Wireless motility capsule. Components of a motility capsule for intragastric pressure measurement consists of a solid plastic head and a soft polyurethane body incorporating the batteries and sensors (adapted with permission from Fernandes et al. [37])

Fig. 26
figure 26

Intragastric pressure changes in an individual pig model during 24 h measured by wireless motility capsule (adapted from Rauch et al. [36])

This study reported an underestimation of IAP when using the motility capsule and measuring intragastic pressure [36]. The discrepancies between the two methods could be caused by gastric dilatation [36]. The poor correlation between intragastric and intravesical pressures seems to be due to the location and not the measurement technique [36].

We believe further research should be done regarding this technique in order to critically evaluate the reliability of motility capsules in the detection of IAH. Since there is no study dealing with insufflation of the abdominal compartment and monitoring IAP changes by motility capsules, we cannot comment on the usefulness of this device. It may be considered as a potential IAP assessment tool in the future.

4 Summary and conclusions

The advantages and disadvantages of the described non-invasive IAP measurement techniques are summarized in Table 1 and Fig. 27.
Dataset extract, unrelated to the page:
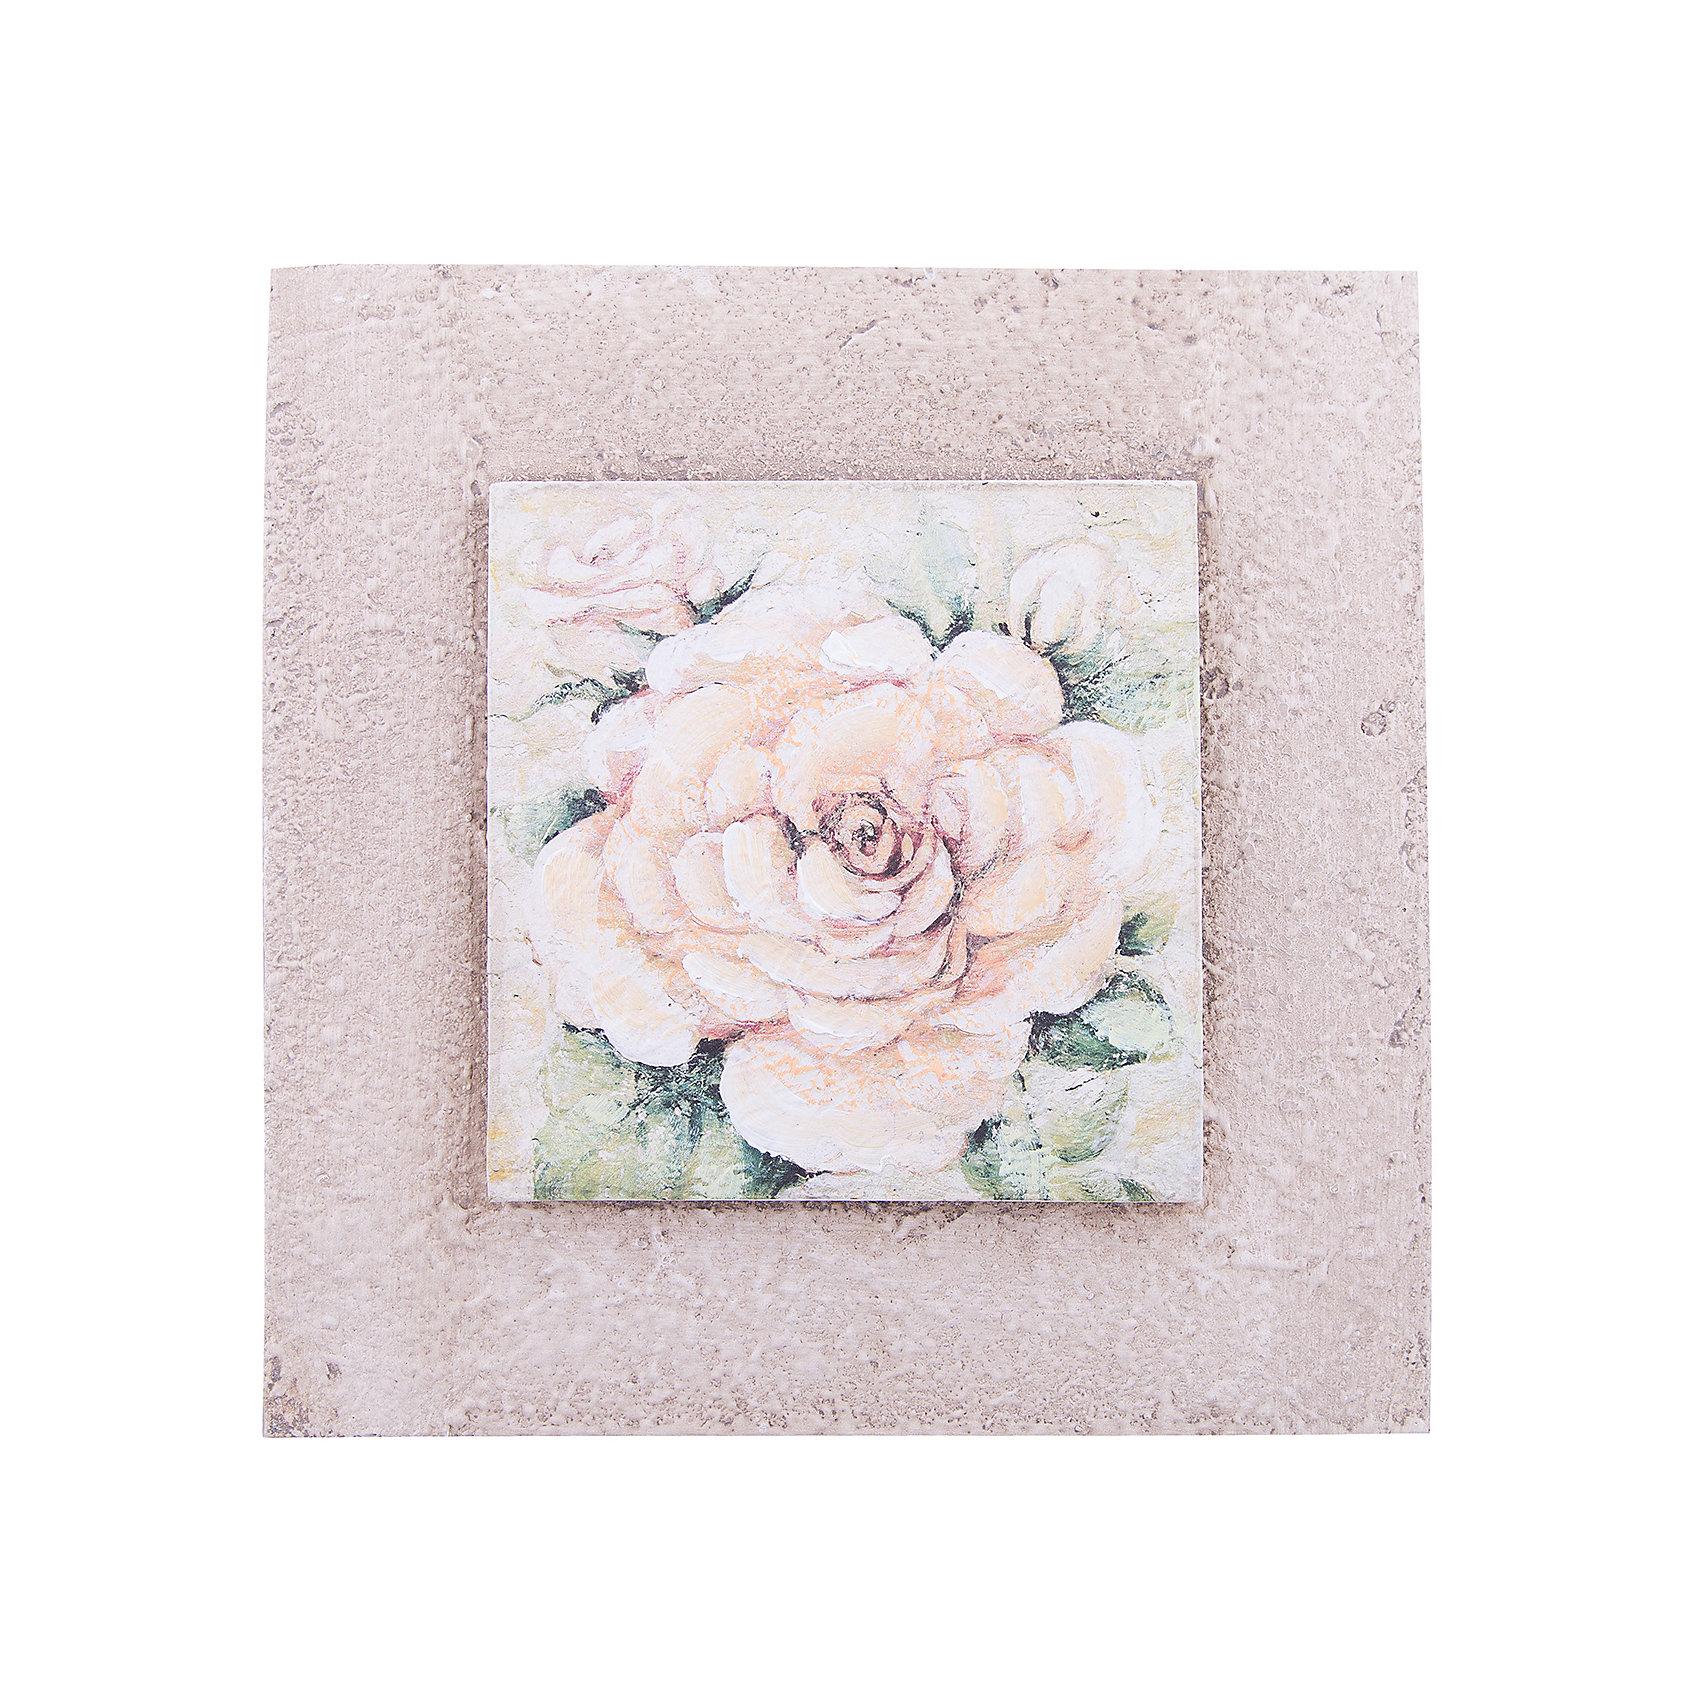 Картина - репродукция Белая роза, Феникс-ПрезентПредметы интерьера<br>Картина - репродукция Белая роза, Феникс-Презент <br><br>Характеристики:<br><br>• печать на бумаге<br>• дополнена ручной подрисовкой<br>• основа из МДФ<br>• рамка из МДФ<br>• размер: 25х25х3,5 см<br><br>Картина-репродукция Белая роза хорошо впишется в интерьер любой комнаты и станет ее украшением. На картине изображена роза, которая отлично сочетается с оригинальной рамкой. Основание и рамка изготовлены из МДФ. Картина выполнена печатью на бумаге с ручной подрисовкой.<br><br>Картину - репродукцию Белая роза, Феникс-Презент вы можете купить в нашем интернет-магазине.<br><br>Ширина мм: 250<br>Глубина мм: 250<br>Высота мм: 350<br>Вес г: 598<br>Возраст от месяцев: -2147483648<br>Возраст до месяцев: 2147483647<br>Пол: Унисекс<br>Возраст: Детский<br>SKU: 5449573

Table 1 Potential non-invasive intra-abdominal pressure (IAP) measurement techniques
Fig. 27
figure 27

Summary of characteristics of the different non-invasive IAP measurement techniques. (DIC: digital image correlation, US: ultrasound)

Currently, wireless motility capsules, digital image correlation, and laser ultrasound cannot be proposed as the best measurement techniques, mainly due to the lack of validation and clinical research. Respiratory inductance plethysmography, the use of a strain gauge and Doppler ultrasound tonometry for IAP estimation are not reliable or accurate enough to be used in clinical practice. As mentioned before, it is better to combine these techniques with more accurate ones. For instance, it might be useful to use these techniques for the primary detection of IAH, in combination with a standard transvesical measurement technique for confirmation, and more accurate follow-up measurements. Tensiometry showed acceptable results, however, since there is no standardized tensiometer for IAP measurement, it seems more pragmatic to focus on the remaining techniques. For IAP measurement up to 7 mmHg, bioimpedance is one of the best methods that can be used. But, as mentioned before, this technique is not able to monitor clinically important IAP changes (pressures > 12 mmHg). Finally, ultrasound assessment in combination with external pressure and microwave reflectometry seem the most promising non-invasive IAP measurement methods that showed a good correlation with IAP as well as a relatively higher accuracy in the range of the pressure values that are expected to occur in patients hospitalized in the ICU. However, by ultrasound assessment, we can only monitor the IAP that is equal to the external pressure exerted on the abdominal wall, since the peritoneal rebound occurs only when the IAP is equal to or above the external pressure. Furthermore, the external pressure exerted on the abdominal wall needs to be standardized in the future. This is another downside of this measurement method that restricts its broad application at the bedside.

Also, it should be pointed out that all these reviewed techniques are able to monitor the IAP changes rather than estimating the absolute IAP value. Thus, we need to know the initial IAP value in order to monitor the IAP trend. In our perspective, estimation of the initial IAP can be done based on (for instance) the initial thickness of the different layers of the abdominal wall in combination with a gold standard reference method (e.g. bladder pressure). However, more investigation needs to be done in the future looking for correlations between specific body parameters and IAP in order to predict the baseline IAP value with high accuracy and reliability.